As above, I'll investigate how the customers are distributed across this frequency flag.

In [22]:
#grouping records by frequency flag, and counting how many unique users we have
df_grouped = df_orders_products_merged.groupby(['frequency_flag'], as_index = False)['user_id'].nunique()

In [23]:
#renaming rows to present meaningful stuff
df_grouped['frequency_flag'] = df_grouped['frequency_flag'].replace({1:"Non-frequent customer",2:"Regular customer",3:"Frequent customer"})

In [24]:
#renaming user_id column to something more meaningful
df_grouped.rename(columns={'user_id':'number_of_customers'},inplace = True)

In [25]:
#presenting results, hiding a meaningless index (0,1,2)
df_grouped[['frequency_flag','number_of_customers']].style.hide(axis="index")
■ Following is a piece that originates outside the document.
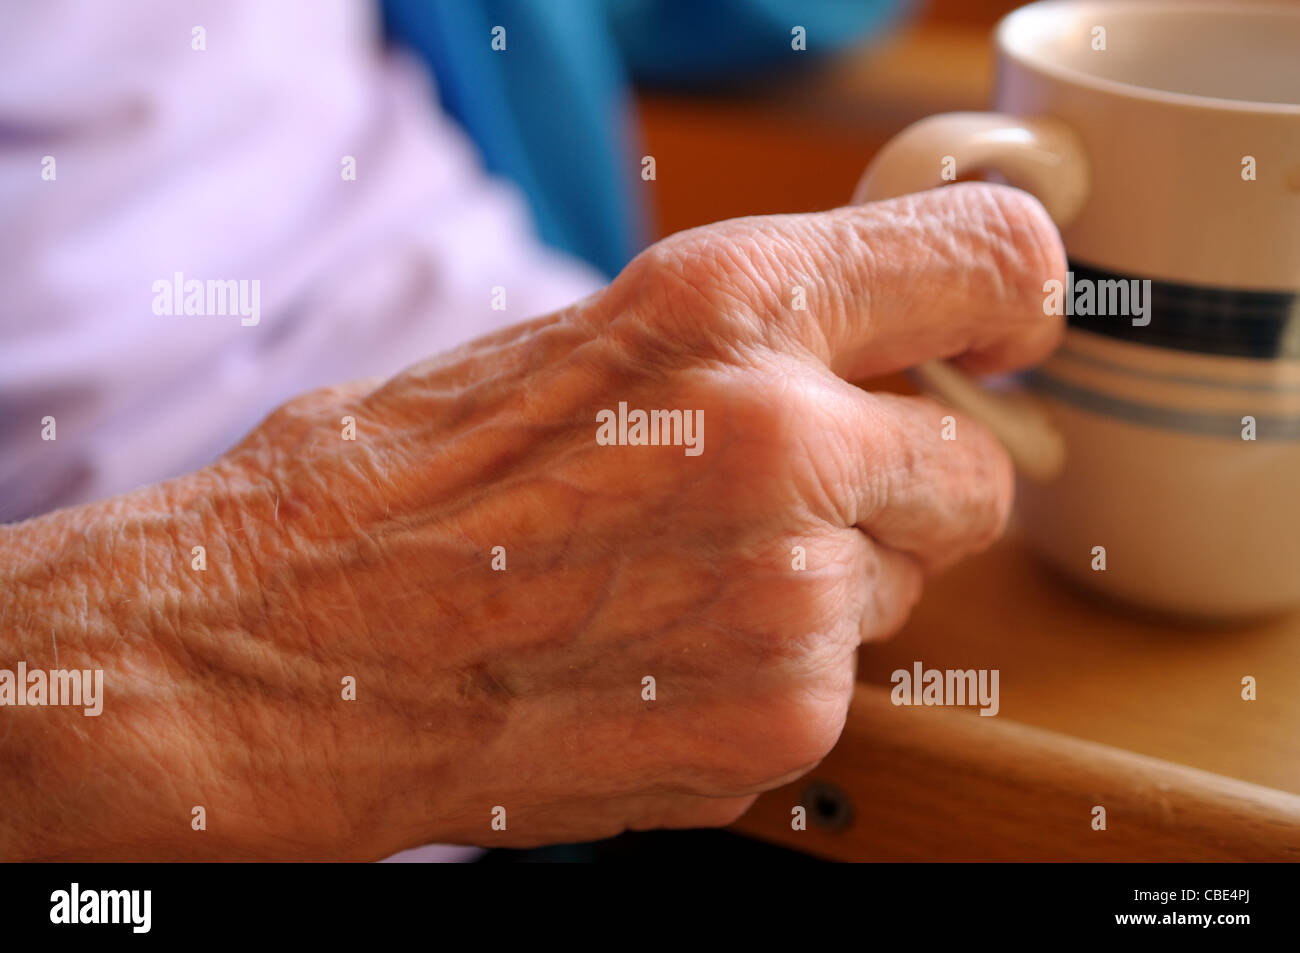 Elderly Women In Care Home. Stock Photo

frequency_flag,number_of_customers
Non-frequent customer,59623
Regular customer,59992
Frequent customer,86594


The total number of customers here is **206209**, exactly the total amount of customers previously found!

### Step 9 - Export your dataframe as a pickle file and store it correctly in your “Prepared Data” folder.

In [26]:
#exporting to pickle format
df_orders_products_merged.to_pickle(os.path.join(data_path, '2 Prepared Data', 'orders_products_labeled_v2.pkl'))